# Long Branch Fishing Pier



## mytoma723

Can someone update me on the the status on the rebuilding of the Long Branch fishing pier. I was told two years ago that the first pylon would be in place but have heard nothing since.


----------



## cfishigotu

Last I heard they were still getting the $$ together.


----------



## mytoma723

Its too bad that this pier burnt down. 25 years ago it was one of the best places along the coast for fluking. I remember when fishing was so good that the party boats came within casting distance of the pier and the 5 oz weights would go flying. This place was also great for bluefish in the am, blackfish during the day and in the winter whiting and ling would fill the 5 gallon buckets. It is ashame that this great fishing spot was lost to amusements and insurance. I hope if they get the financing, they first think of the fisherman and their families. Everyone should write their congressman/woman and let them know that the fisherman should be thought of and not always punished when greed effects the fishing population.


----------



## cfishigotu

Mytoma,

We need to get this registry BS over too. Our state "NJ" sucks on helping out the anglers. We need to press them to invest in our waters and shorelines.

Look at Florida!

Carl


----------



## mytoma723

Carl,

I totally agree but I would be willing to pay the $15.00 if I knew all of it were going to benefit the angler. I'm afraid to know what percentage of it would go to adminitration fees and would want a breakdown before I would pay it. 

Tom


----------



## cfishigotu

Yes, it's sad. If you go the license/registry today. The $15 would go to a light bulb in Washington. I would wait it out if I were you if you can. Need the governor to sign it or we need a license.

Carl


----------



## brooklyn fish

*Long branch pier*



mytoma723 said:


> Its too bad that this pier burnt down. 25 years ago it was one of the best places along the coast for fluking. I remember when fishing was so good that the party boats came within casting distance of the pier and the 5 oz weights would go flying. This place was also great for bluefish in the am, blackfish during the day and in the winter whiting and ling would fill the 5 gallon buckets. It is ashame that this great fishing spot was lost to amusements and insurance. I hope if they get the financing, they first think of the fisherman and their families. Everyone should write their congressman/woman and let them know that the fisherman should be thought of and not always punished when greed effects the fishing population.

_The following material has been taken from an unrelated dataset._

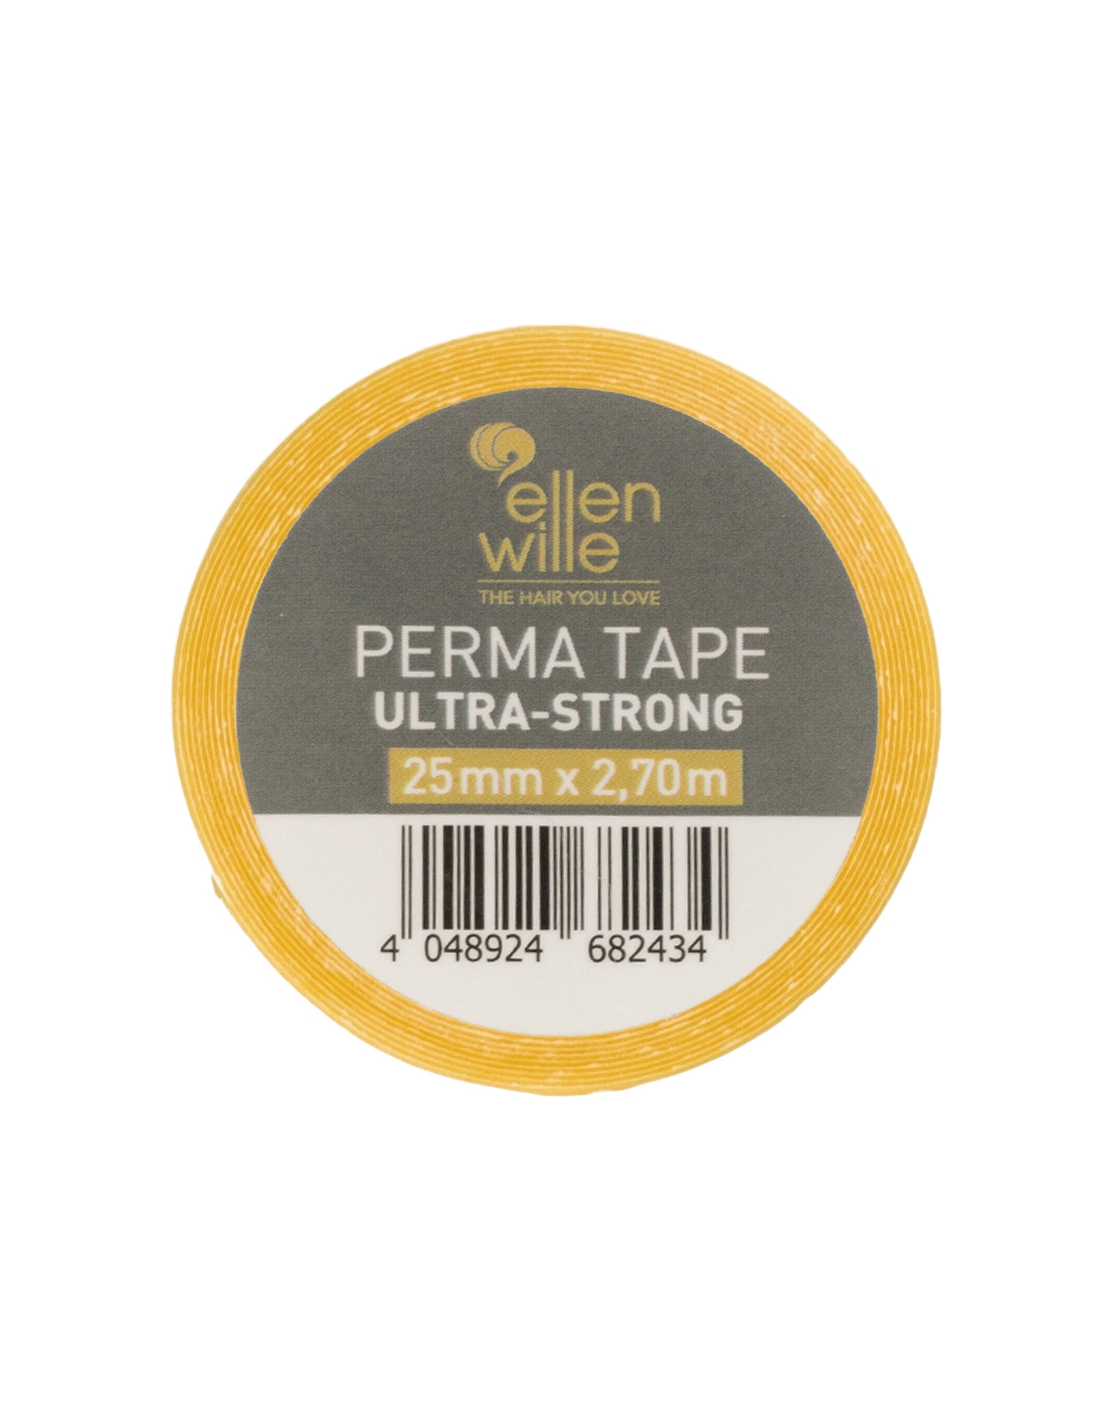 Perma Tape Ultra Strong 25mm x 2,70m
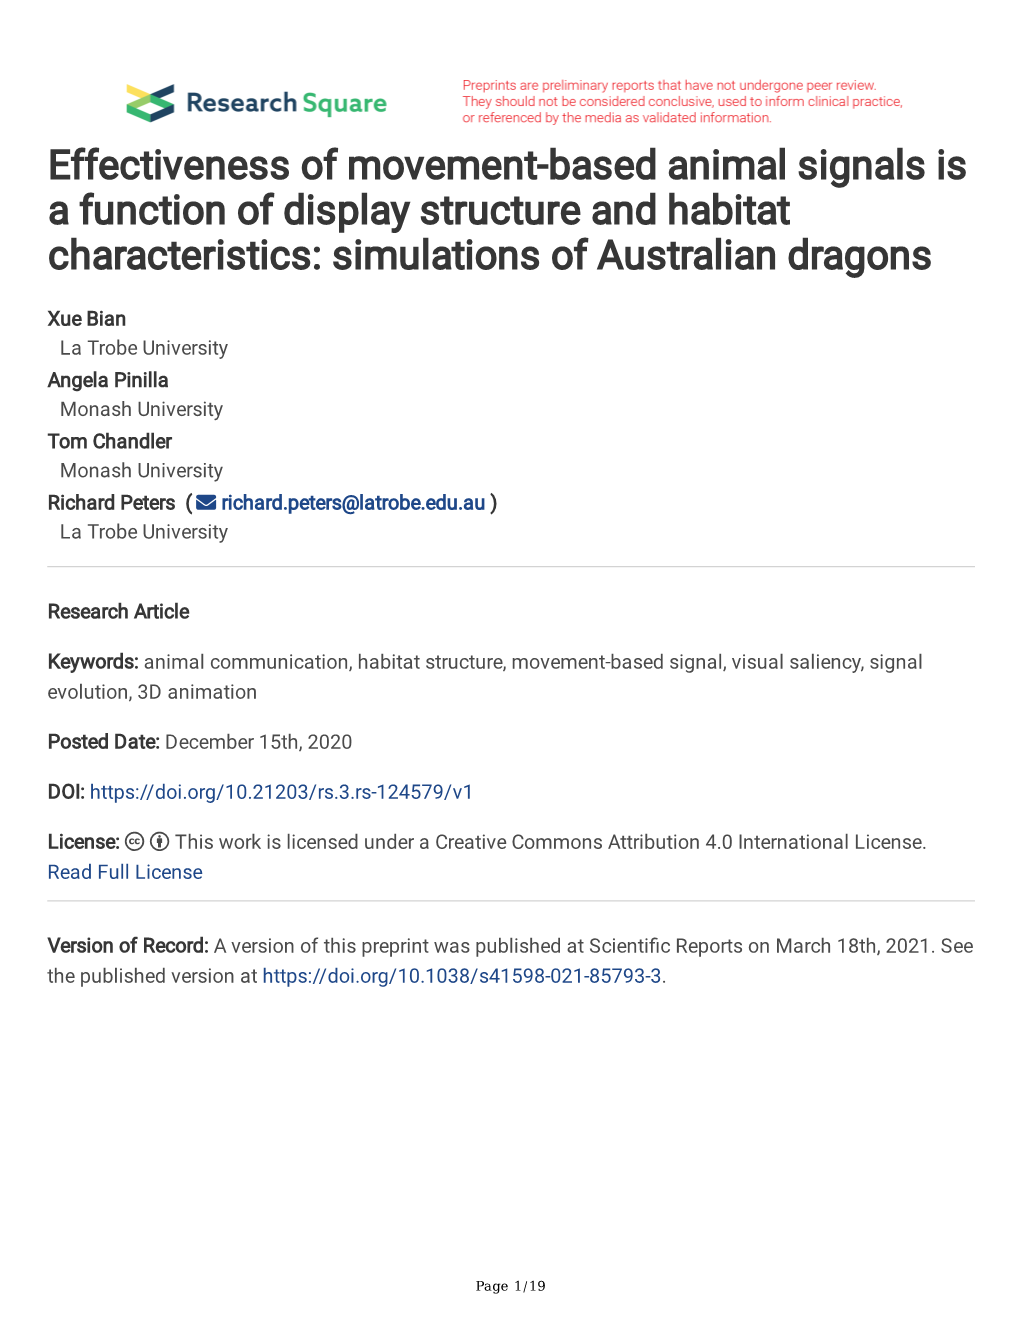 Effectiveness of Movement-Based Animal Signals Is a Function of Display Structure and Habitat Characteristics: Simulations of Australian Dragons

I remember the pier from family fishing trips in the 1950s and 1960s. Great family fishing spot, although the majority of the fluke were caught by the experts on the end who cast 4 ounce sinkers with long surf rods. My Mom and Dad, may they rest in peace, were on the pier when it burnt. They were hearded off the pier by the firefighters who didn't let them take their tackle box. Luckily, my Dad received a call a few days later and found most of his tackle. They missed the pier greatly. I hope to see a new pier, although I suspect it's unlikely to happen.


----------



## mytoma723

The thing I remember the most about fishing there was the knowledge of the fishermen (especially Red) and how they would stop fishing to help anyone who needed their help. There were a few idiots but 98% of the regulars were there for you. I still use little tricks they taught me today. If enough people write to their congressmen this can happen.


----------